The second, a more grave one, and probably all real, as he indicates in the Introduction, is another touching one, and is probably the best story of the book. The story called ‘Over the Wall’ very innocently pictures the approach of children to serious matters, especially when they understand it. What amazes me is how he can express things from childhood, some 65-70 years ago.
The third story, Gracie, is about a person I have read in Ruskin’s stories before as well. But then, the story was a bit different this time, with a little twist. Almost certainly fiction is mixed with facts in the particular story, but with such craft that it’s a delight to read.
At Green’s Hotel, though, was the first story that I didn’t like so much. Ruskin tries a little Crime-detective thing here which is again fiction with facts in the background, but this one didn’t work out so well.
One more detective story, The Skeleton in the Cupboard, is not that great, especially the end of it, but it’s a little differently written. Though, another drawback of the story is that it’s a bit too clearly fictitious, something that doesn’t look very great when facts are there in the background of the story. Still, an okay read.
Late night show is yet another fact-fiction mix by Bond, in which the story develops quite interestingly and except for a slightly too twisted end, the story is kind of nice. In fact, even though I didn’t like the end, Ruskin’s story-telling is perfect here, something I will have to say because the story has almost printed into my mind, even the end of it.
The Tiger in the lounge is a small, and in a way commonplace story, but with a little imaginative twist at the end. Had not expected much from the story so liked it.
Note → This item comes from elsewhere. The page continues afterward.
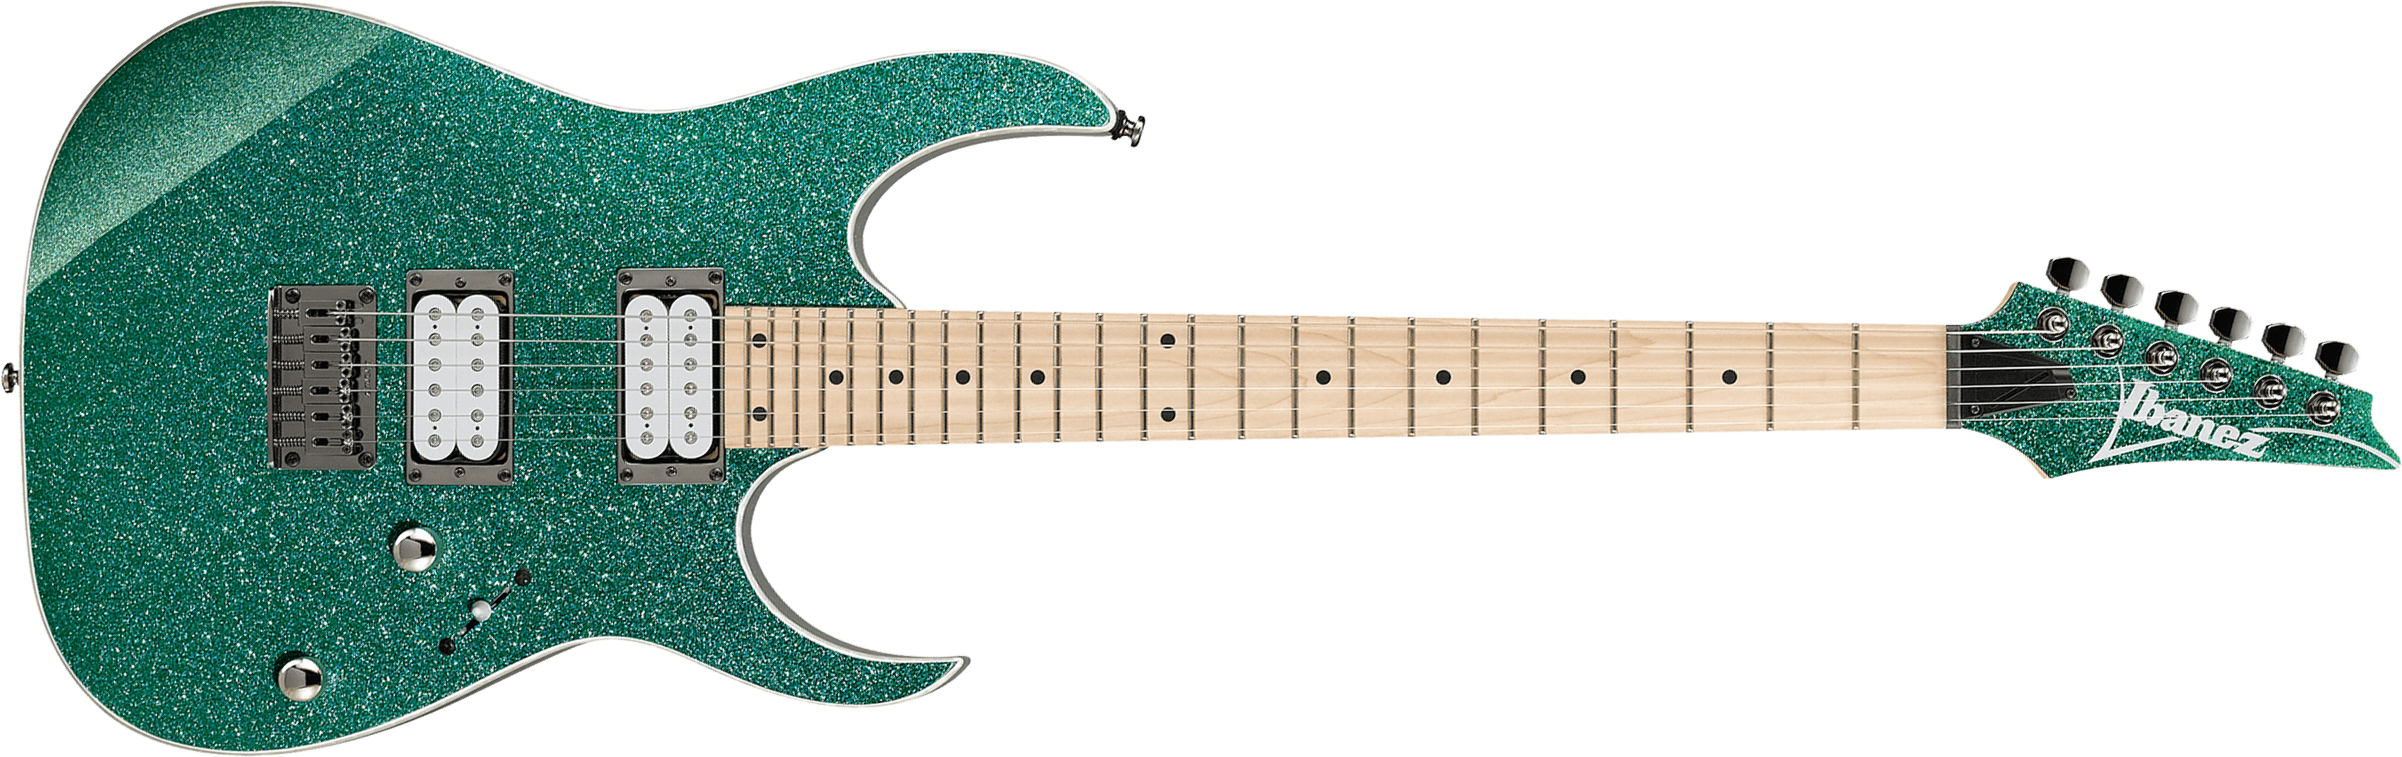 Ibanez Rg421msp Tsp Standard Ht Hh Mn - Turquoise Sparkle - Guitarra eléctrica con forma de str. - Main picture

Overall, Secrets is a mixed book by Ruskin Bond (mixed from Bond’s standards, mind you) where he has tried a few detective stories as well, these told with the backdrop of his childhood. The first three stories, which have no crime and detective-giri, touched me more. But then, I have never really been a detective story type. If you’re Ruskin Bond lover, buy the book for the first three stories, and you may get the rest in Bonus. And if you are not one, well.. try to be one.